(TASK TO COMPLETE)
Please write out all the data that follows exactly, without the pictures.

(DATA SHOWN)
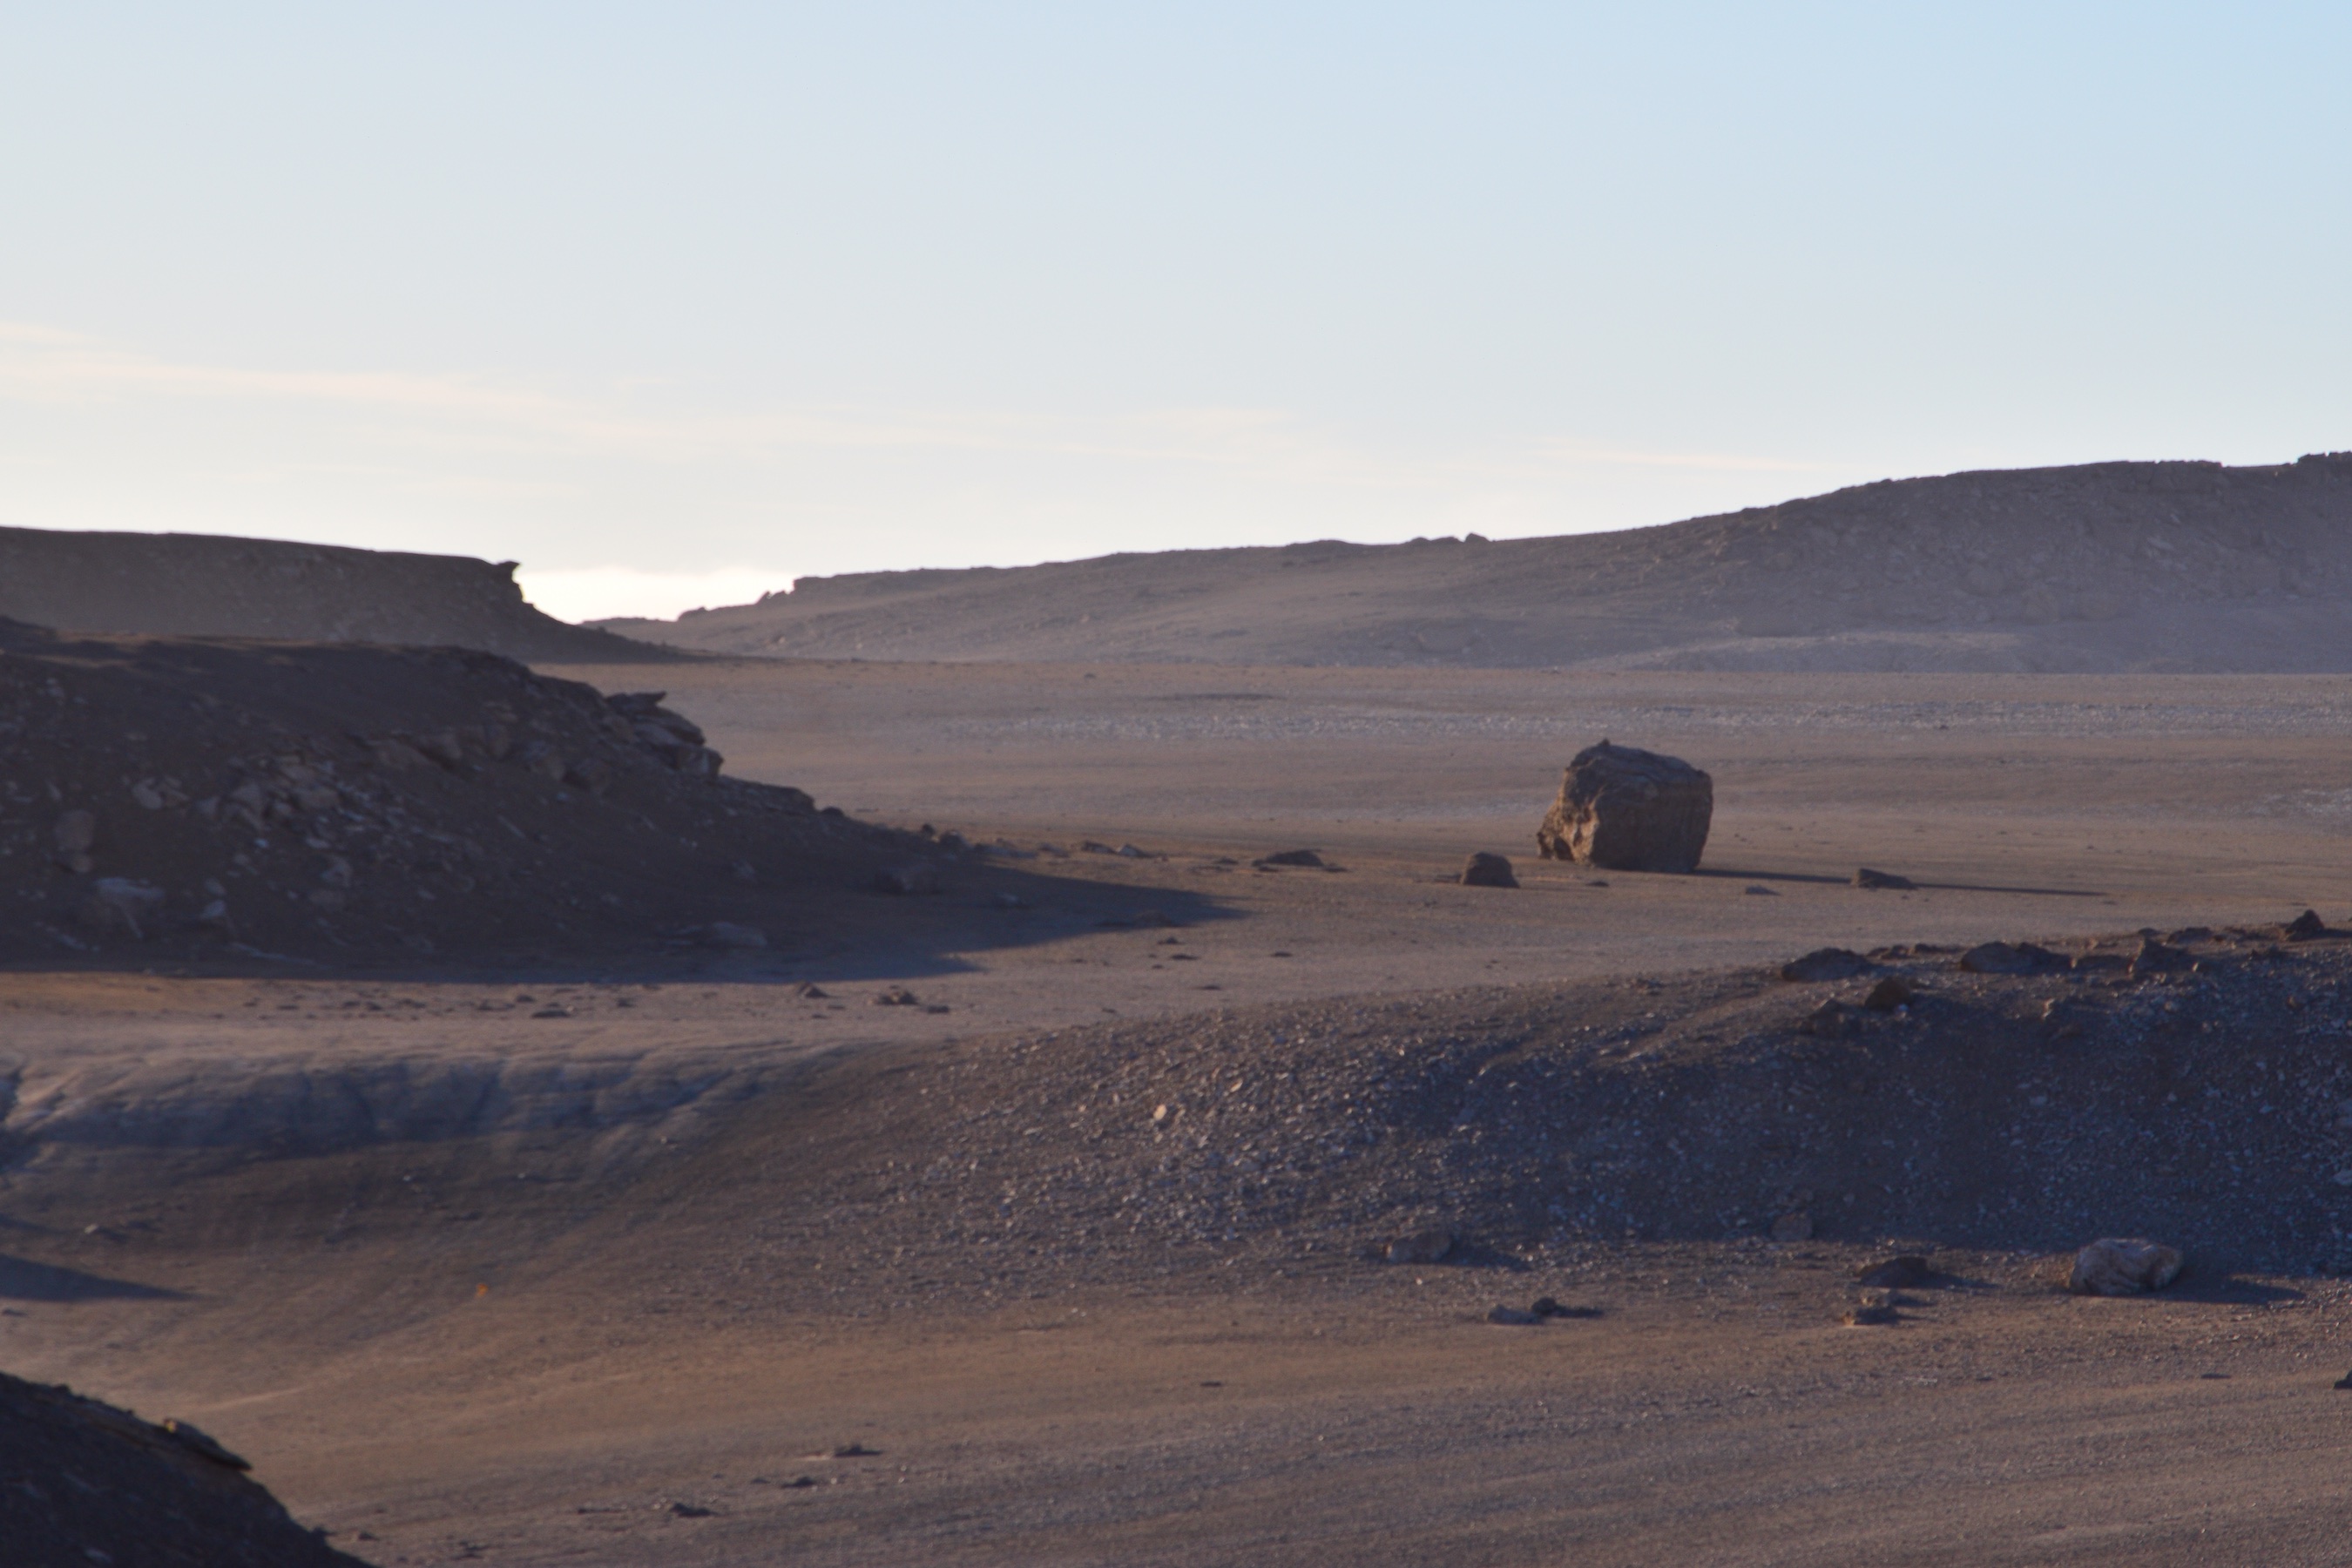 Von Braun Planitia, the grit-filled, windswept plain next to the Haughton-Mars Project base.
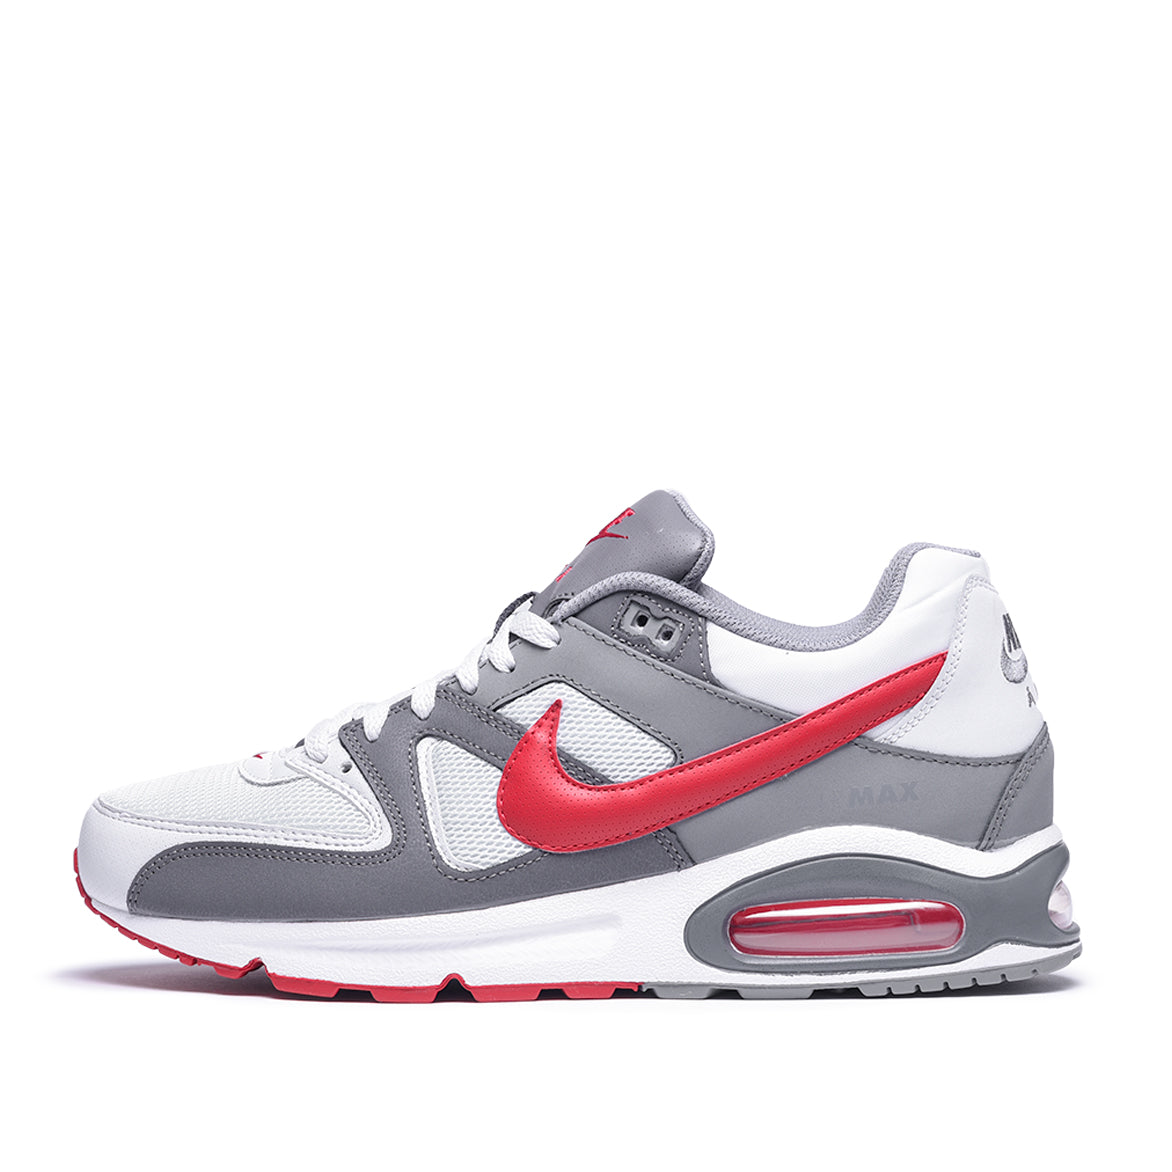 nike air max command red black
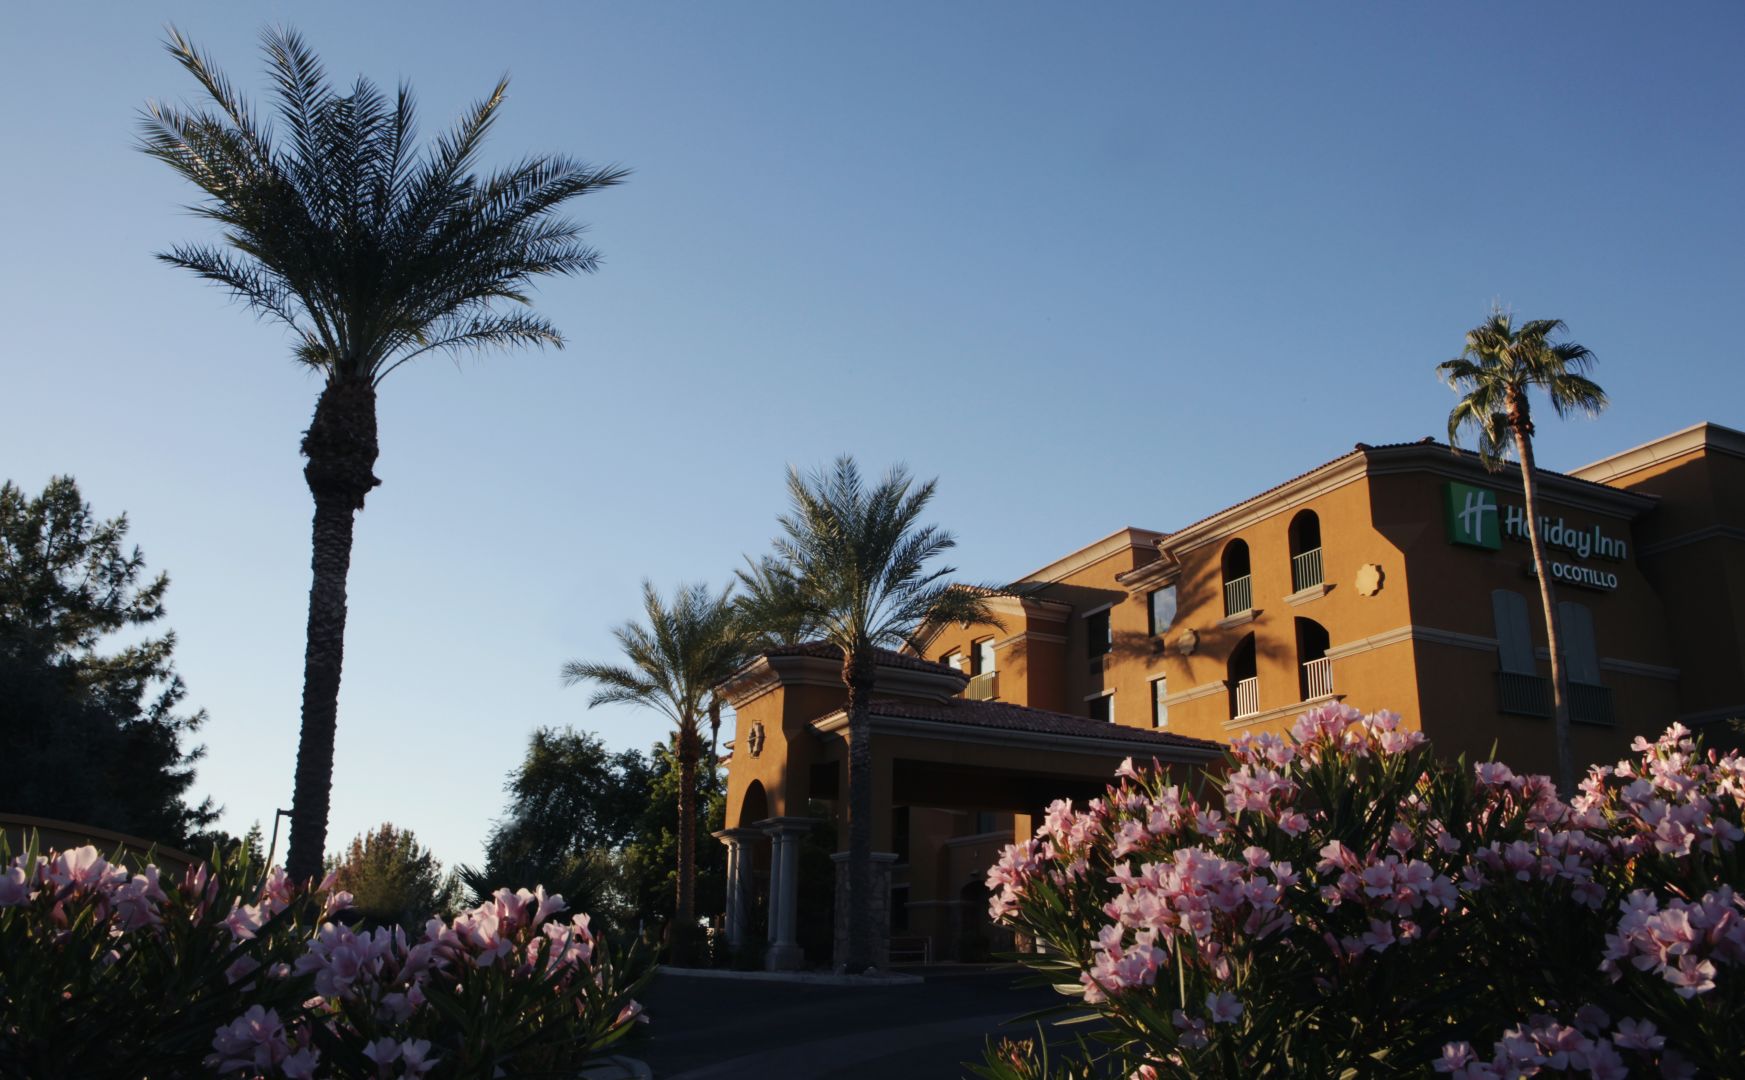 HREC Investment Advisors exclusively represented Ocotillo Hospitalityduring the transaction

(RESPONSE TO THIS TASK)
 Von Braun Planitia, the grit-filled, windswept plain next to the Haughton-Mars Project base.
 nike air max command red black
 HREC Investment Advisors exclusively represented Ocotillo Hospitalityduring the transaction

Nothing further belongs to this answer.